Actualisé 06.08.2014 à 18:19

Berne - Palais fédéralLa secrétaire aux moeurs légères suspendue

Une employée de la Confédération se prend en photo dans le plus simple appareil et poste le résultat pendant les heures de travail. Suspendue, elle risque sa place.

par
tab/dmz

A.* est une secrétaire qui travaille pour l'administration fédérale et qui a pour habitude de diffuser sur Twitter des images d'elle, nue, depuis son bureau, nous a appris mercredi la «NZZ». Et que quelqu'un de son entourage puisse y avoir accès n'est pas un problème: «J'en suis consciente», confie la jeune femme, selon toute vraisemblance fribourgeoise, au quotidien.

Pourtant, l'Office fédéral du personnel (OFPER) recommande de «ne diffuser sur internet que des images que vous pourriez montrer à vos collègues, collaborateurs ou supérieurs.» Mais A., dont le compte, désormais fermé, comptait plus de 11'000 followers, se défend en prétextant que sa vie privée n'est pas en conflit avec sa position professionnelle.

Pas un motif de licenciement immédiat

La question qui se pose est de savoir si A. risque de perdre son emploi. Interrogé, l'OFPER ne peut pas se positionner. Il explique que chaque entité a fixé des règles différentes en matière de réseaux sociaux. L'OFPER précise toutefois que le code de conduite de l'administration fédérale demande aux employés d'être prudents dans leur vie privée et d'éviter les comportements qui pourraient nuire à la réputation de la Confédération. Autrement dit, a-t-elle rompu le rapport de confiance avec Berne en publiant ces photos? Affaire à suivre. La secrétaire travaille aux Services du Parlement. Une enquête interne a été ouverte et A. a été momentanément suspendue.

Car A. ne se limite pas à des photos osées. La jeune femme a tourné dans des films pornos amateurs. Selon son compte Twitter, elle se définirait comme une secrétaire «lubrique, gourmande et insolente». Et elle tient un site, qui compterait plus de 100'000 visiteurs mensuels, selon le journal de boulevard alémanique. Ce dernier n'était toutefois plus accessible mercredi.

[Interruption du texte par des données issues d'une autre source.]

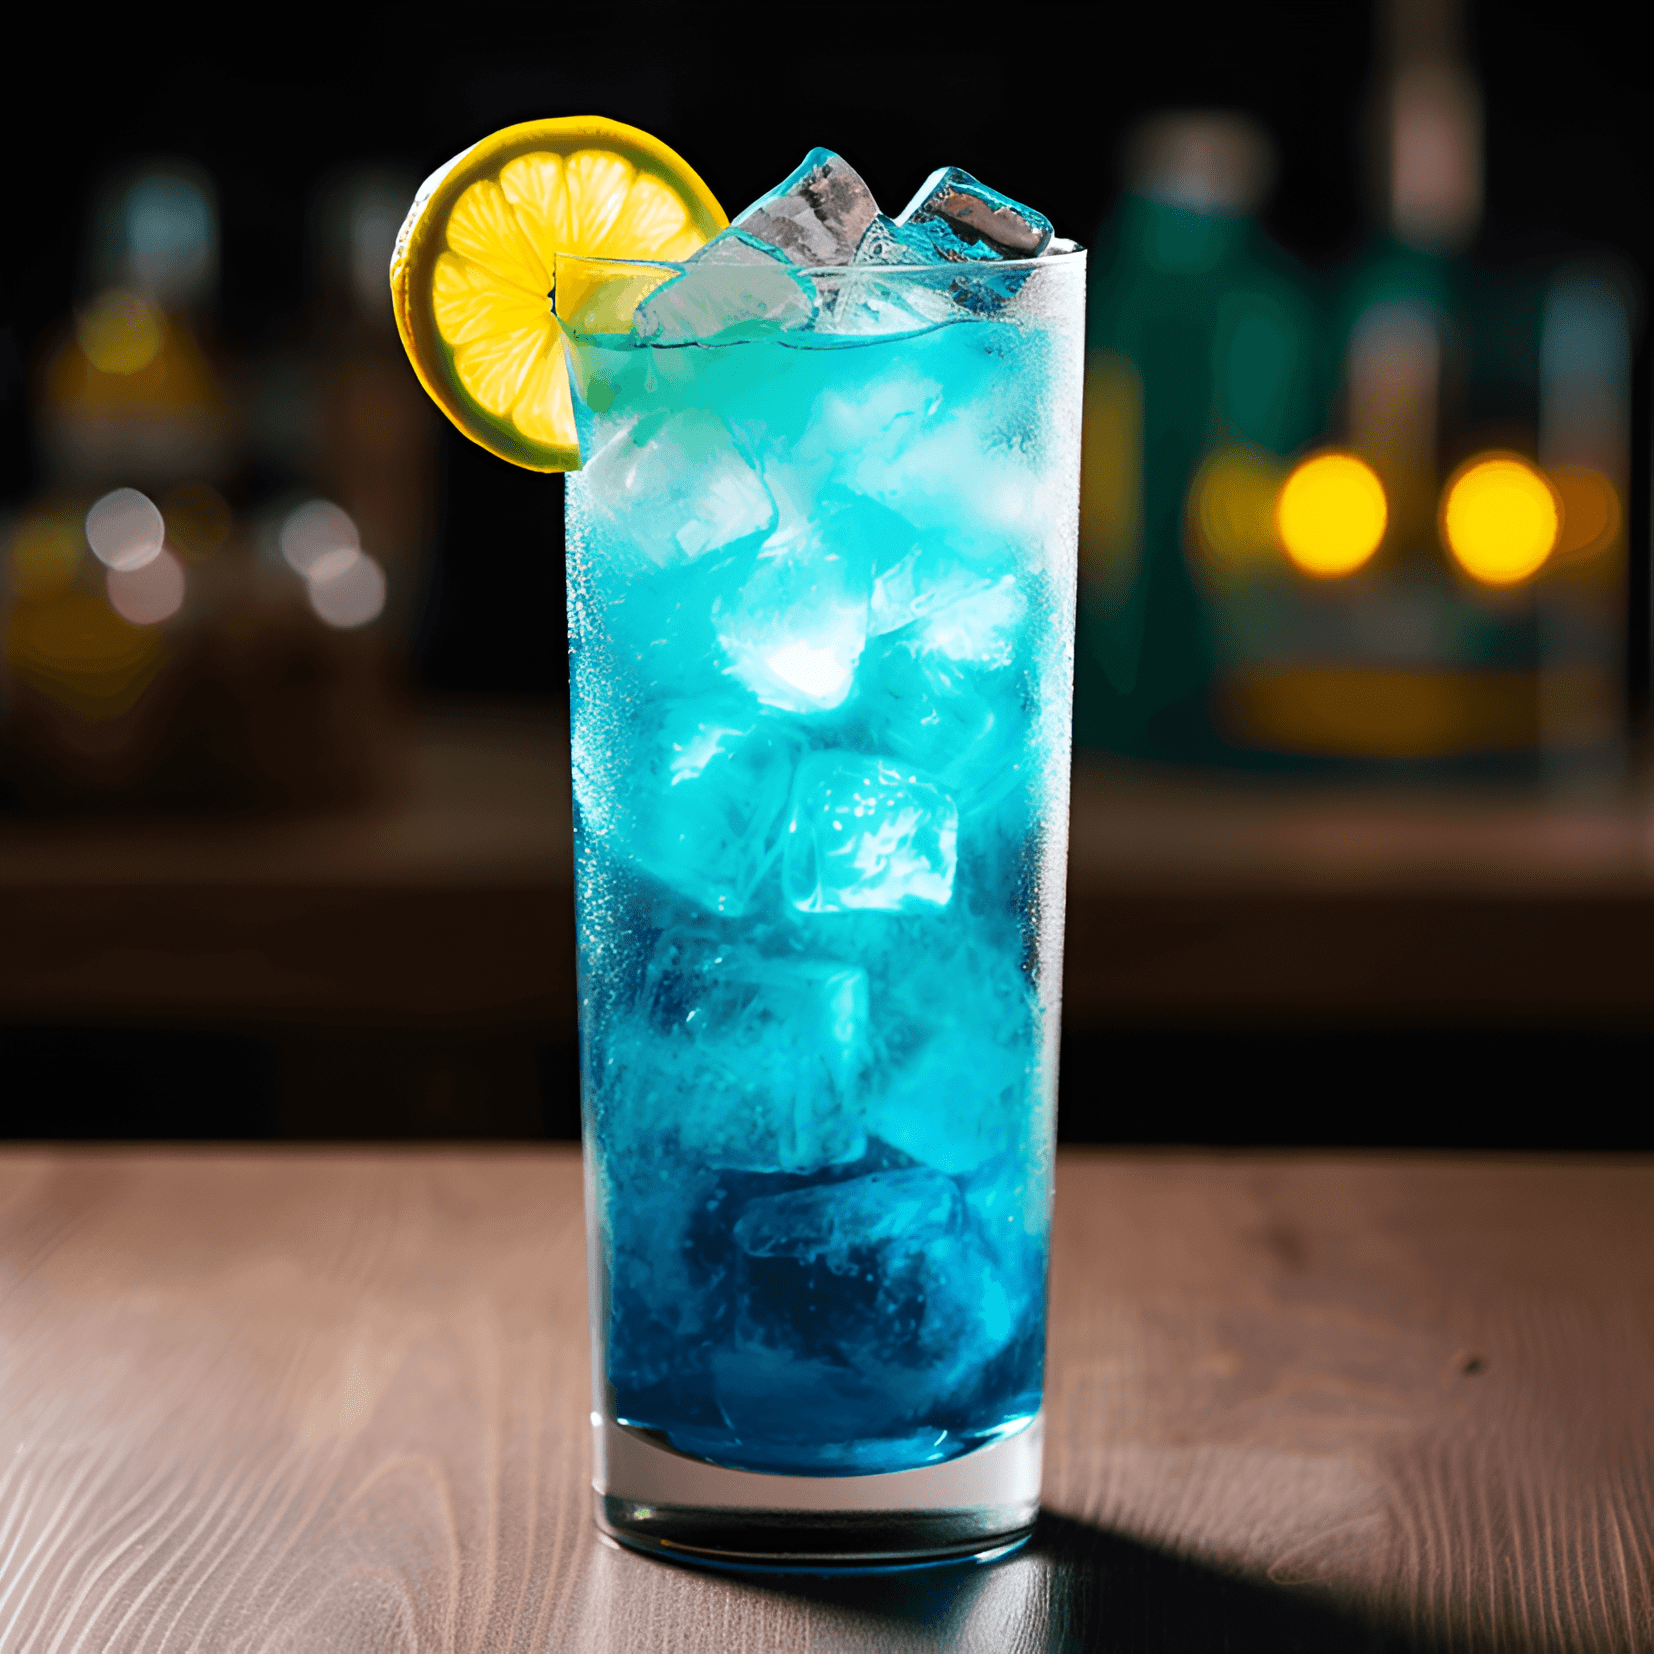 Ocean Breeze Cocktail Recipe - The Ocean Breeze cocktail has a fruity, sweet, and slightly tangy taste. It is light and refreshing, with a hint of citrus and tropical flavors.

Ce qui semble décisif dans cette affaire, c'est la position de la personne incriminée. «Un ambassadeur ou un porte-parole, à qui le public associe une institution, ne pourrait pas se permettre de faire cela», explique à la «NZZ» Thomas Geiser, spécialiste en droit du travail à l'Université de Saint-Gall. Dans le cas de cette secrétaire, le juriste imagine plus un avertissement qu'un licenciement. «A moins que son employeur n'y voie un risque pour la sécurité de l'institution ou de l'employée.» Cela aurait été le cas, par exemple, si la secrétaire avait été victime de chantage.

Parlementaires hors d'eux

Contactés par «Blick» plusieurs députés fédéraux se sont dits fâchés, voire choqués: «Cela ne va vraiment pas. Si cette secrétaire n'a rien d'autre à faire pendant les heures de travail, c'est que son poste est inutile. On pourrait ainsi faire faire des économies aux contribuables», déclare le conseiller national Lukas Reimann (UDC/AG). Pour Andrea Caroni (PLR/AR), l'attitude de cette employée «couvre l'administration fédérale de ridicule et ne pas la renvoyer serait incompréhensible». Natalie Rickli (UDC/ZH), bien qu'elle défende le droit à la vie privée, s'attend à ce que le personnel de la Confédération travaille au lieu de s'adonner des actes frivoles. Seul Oskar Freysinger (UDC/VS) prend les choses à la rigolade: «C'est sans doute la nouvelle forme de transparence de l'administration fédérale. Les vêtements disparaissent. Bientôt c'est le travail qui disparaîtra.»